肖祁寒放下筷子,终于看了一眼眼前的这个姑娘。
她和沈星风长得很像,从外表来看,没有人会怀疑她和沈星血浓于水的关系。
肖祁寒有时候也想安慰自己,是他自己多心了。
可是他无法说服自己,沈碎瑶身上存在的矛盾点。
肖祁寒:“其实我怀疑不怀疑,并不重要,这是将军府,星风当家做主,他的家事,我不便插手。他既然认定你是他妹妹,我自然也会把你当妹妹的。”

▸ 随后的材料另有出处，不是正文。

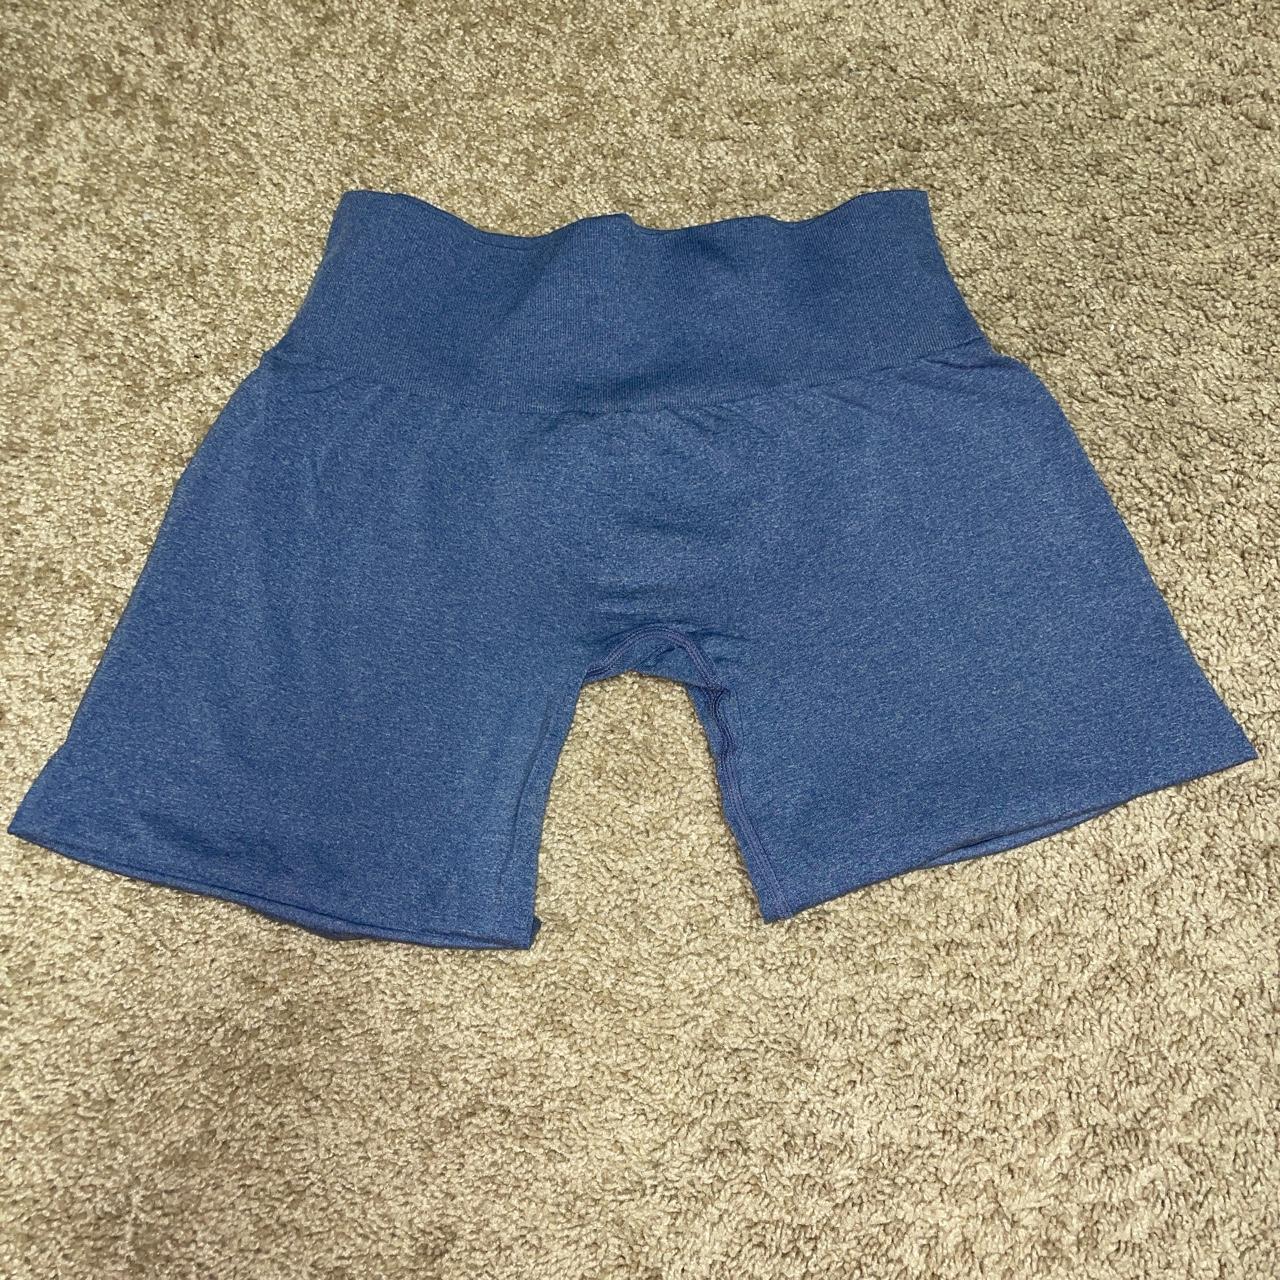 Blue NVGTN athletic shorts Size M, these shorts... - Depop

沈碎瑶紧绷着的肩膀,在听到这话时,微微的放松了一些。
肖祁寒重新看她:“只是有一点,星风的安全,是我的底线。谁敢打他的主意,我一定不会轻饶了他。”
沈碎瑶的眼睛,微微的僵了一下。
她捏紧了筷子,轻笑:“自然,她是我哥哥,是我最后的亲人了。我当然希望哥哥平安。”
肖祁寒:“我用完了,去看看你哥哥。”
回到房间,沈星风已经起了。
“你没把碎瑶怎么样吧。”
肖祁寒笑:“我一个大男人,还会刁难她一个小姑娘吗?”
他走了过去,替沈星风穿衣服,目光看到挂在沈星风腰上的那块令牌,伸手拿了过去,“这个,就暂时先放在我这里吧。”
“这是允应慎给我的。”
肖祁寒:“我知道,我帮你收着。你毛手毛脚的,万一丢了就不好了。”
“行。”
肖祁寒原本以为沈碎瑶的目的在这块令牌上,因此暗暗留了心,甚至有心试探过几次。
可令肖祁寒有些奇怪的是,自从上次的事情后,沈碎瑶就再也没有打过这块令牌的念头。
每日和沈星风放风筝,骑马,读书写字,兄妹关系愈加和睦。
肖祁寒心里纳闷。
难道真的是自己多心了吗?
转眼,便是五月端午节。
沈星风一早就命府上才买糯米和雄黄酒,吆喝一帮人过来包粽子,过端午。
众人在沈星风的小院里忙的热火朝天。
沈星风手巧,肖祁寒也是心细之人,沈碎瑶和她的丫头又是女儿家,包出来的粽子都不差。
可三个暗卫却是难为坏了。
平日握惯了冷兵刀刃的,要他们包粽子,一个个都不行了。
和风和细雨挤在一起菜鸡互啄的互相指导,明阑形单影只,盯着粽叶只会发呆。
沈星风见这院子就明阑一个人孤零零的,不仅想起了顾十四。
他悄声问肖祁寒:“哎,你说明阑都这么大了,也是个男人,他怎么能清心寡欲成这样?他莫非是和尚转世,对那种事不欢喜?”
肖祁寒:“不开窍罢了,是男人哪有不喜欢的。”
沈星风撇撇嘴:“指望他把顾十四唤醒,还不知道猴年马月呢!”
“我今晚要帮帮他。”
肖祁寒:“怎么帮?”
“今晚要喝雄黄酒,我给他加点料。”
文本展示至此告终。